The cost was somewhat mediated by the polybag with the “Imported By Jem” sticker that all of you old-timers may remember. At 16 I had finally entered the big leagues of record shopping and wouldn’t be looking back. The debut album had the three songs that I’d previously heard on the US copy of “Reality Effect,” but the version of “The Loneliest Man In The World” was a completely different recording on the Logo Records pressing of “The Tourists.” The album had been produced by Krautrock legend Conny Plank whereas guitarist Dave Stewart manned the boards for the single version of “The Loneliest Man In The World.”

The album was full of extremely catchy New Wave power pop songs penned by group leader Peet Coombes.  The arrangements were more eclectic than the second album, taking in the Bo Diddley-esque “Can’t Stop Laughing” and even including a dub reggae number this first time out [“Ain’t No Room”]. As with the later album, the ghost of pre-psych mid-60s pop looms large over this record, especially in the Marty Balin-esque vocals proffered by Coombs, sometimes in combination with the dulcet tones of Ms.

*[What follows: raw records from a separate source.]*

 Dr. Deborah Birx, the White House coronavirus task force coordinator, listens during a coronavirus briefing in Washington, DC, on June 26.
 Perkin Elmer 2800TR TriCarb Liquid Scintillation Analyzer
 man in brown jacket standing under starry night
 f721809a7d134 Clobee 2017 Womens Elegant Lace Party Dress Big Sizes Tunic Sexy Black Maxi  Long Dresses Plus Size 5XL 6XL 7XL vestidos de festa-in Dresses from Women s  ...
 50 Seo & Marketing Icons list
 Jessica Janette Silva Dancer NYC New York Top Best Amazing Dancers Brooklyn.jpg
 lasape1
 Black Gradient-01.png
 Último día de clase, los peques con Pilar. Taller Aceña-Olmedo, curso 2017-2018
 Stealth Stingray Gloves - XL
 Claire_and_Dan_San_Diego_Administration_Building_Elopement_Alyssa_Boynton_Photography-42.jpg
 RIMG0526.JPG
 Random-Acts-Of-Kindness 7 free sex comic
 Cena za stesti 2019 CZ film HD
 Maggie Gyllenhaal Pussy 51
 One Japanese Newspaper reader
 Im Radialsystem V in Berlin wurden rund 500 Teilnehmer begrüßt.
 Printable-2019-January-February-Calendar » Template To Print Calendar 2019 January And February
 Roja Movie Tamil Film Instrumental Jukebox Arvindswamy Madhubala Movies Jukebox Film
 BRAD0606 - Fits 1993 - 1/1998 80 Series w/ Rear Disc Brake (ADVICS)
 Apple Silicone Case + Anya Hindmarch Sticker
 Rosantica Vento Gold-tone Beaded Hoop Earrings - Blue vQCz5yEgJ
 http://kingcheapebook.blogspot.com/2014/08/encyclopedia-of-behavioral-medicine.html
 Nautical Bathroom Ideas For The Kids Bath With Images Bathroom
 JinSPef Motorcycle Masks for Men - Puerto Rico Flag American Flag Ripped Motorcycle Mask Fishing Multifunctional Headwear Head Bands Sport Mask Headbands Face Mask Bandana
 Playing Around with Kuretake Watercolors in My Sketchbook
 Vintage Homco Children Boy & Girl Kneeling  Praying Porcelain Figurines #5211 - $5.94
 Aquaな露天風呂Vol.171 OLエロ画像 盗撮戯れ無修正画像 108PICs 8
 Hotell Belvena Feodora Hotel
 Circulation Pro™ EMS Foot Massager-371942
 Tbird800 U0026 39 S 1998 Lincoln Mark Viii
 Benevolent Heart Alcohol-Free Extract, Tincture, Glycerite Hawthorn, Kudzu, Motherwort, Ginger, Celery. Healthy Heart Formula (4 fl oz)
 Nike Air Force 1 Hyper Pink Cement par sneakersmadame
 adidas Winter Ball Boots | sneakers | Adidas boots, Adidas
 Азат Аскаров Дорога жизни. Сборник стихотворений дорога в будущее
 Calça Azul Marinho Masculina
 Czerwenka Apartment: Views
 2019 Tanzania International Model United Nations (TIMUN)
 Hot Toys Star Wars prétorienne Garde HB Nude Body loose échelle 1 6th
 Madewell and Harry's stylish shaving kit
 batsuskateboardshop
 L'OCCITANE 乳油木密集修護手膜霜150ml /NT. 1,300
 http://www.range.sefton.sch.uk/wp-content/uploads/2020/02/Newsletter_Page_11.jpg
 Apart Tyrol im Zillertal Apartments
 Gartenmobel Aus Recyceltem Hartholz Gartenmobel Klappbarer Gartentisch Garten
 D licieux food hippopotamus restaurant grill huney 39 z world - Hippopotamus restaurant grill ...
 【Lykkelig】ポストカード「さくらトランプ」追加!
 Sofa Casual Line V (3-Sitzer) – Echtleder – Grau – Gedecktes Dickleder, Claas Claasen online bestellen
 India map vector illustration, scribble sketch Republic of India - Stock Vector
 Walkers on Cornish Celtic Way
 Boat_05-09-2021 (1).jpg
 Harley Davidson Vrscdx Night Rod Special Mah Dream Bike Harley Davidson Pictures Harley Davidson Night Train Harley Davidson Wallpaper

Annie Lennox for a bracing effect.

Another fascinating side trip taken on this album is in the brief but gorgeous acoustic folk number “Another English Day” with Coombs at center stage. Hearing it takes me back to 1965 on a grey Sunday afternoon where everything is in black and white. That tune segues into the last track on side one, the shimmering “Deadly Kiss;” a spotlight for Lennox out in front of Stewart’s spy chord guitar. Americans left with their copy of just “Reality Effect” were really missing out here!

The LP version of “The Loneliest Man In The World” still has a Byrds-like 12-string jangle to it but the Conny Plank production is more straightforward and direct, eschewing the heavy drum reverb that Stewart employed to bring the tune closer to Spector-space. Mention should be given to the creative and sensitive drumming by Jim Toomey throughout the record. This is a highly melodic music, but he finds plenty of spaces for rhythmic fillips throughout the album. Of the rhythm section, he is the dominant force with bassist Eddie Chin only getting a spotlight on the reggae number.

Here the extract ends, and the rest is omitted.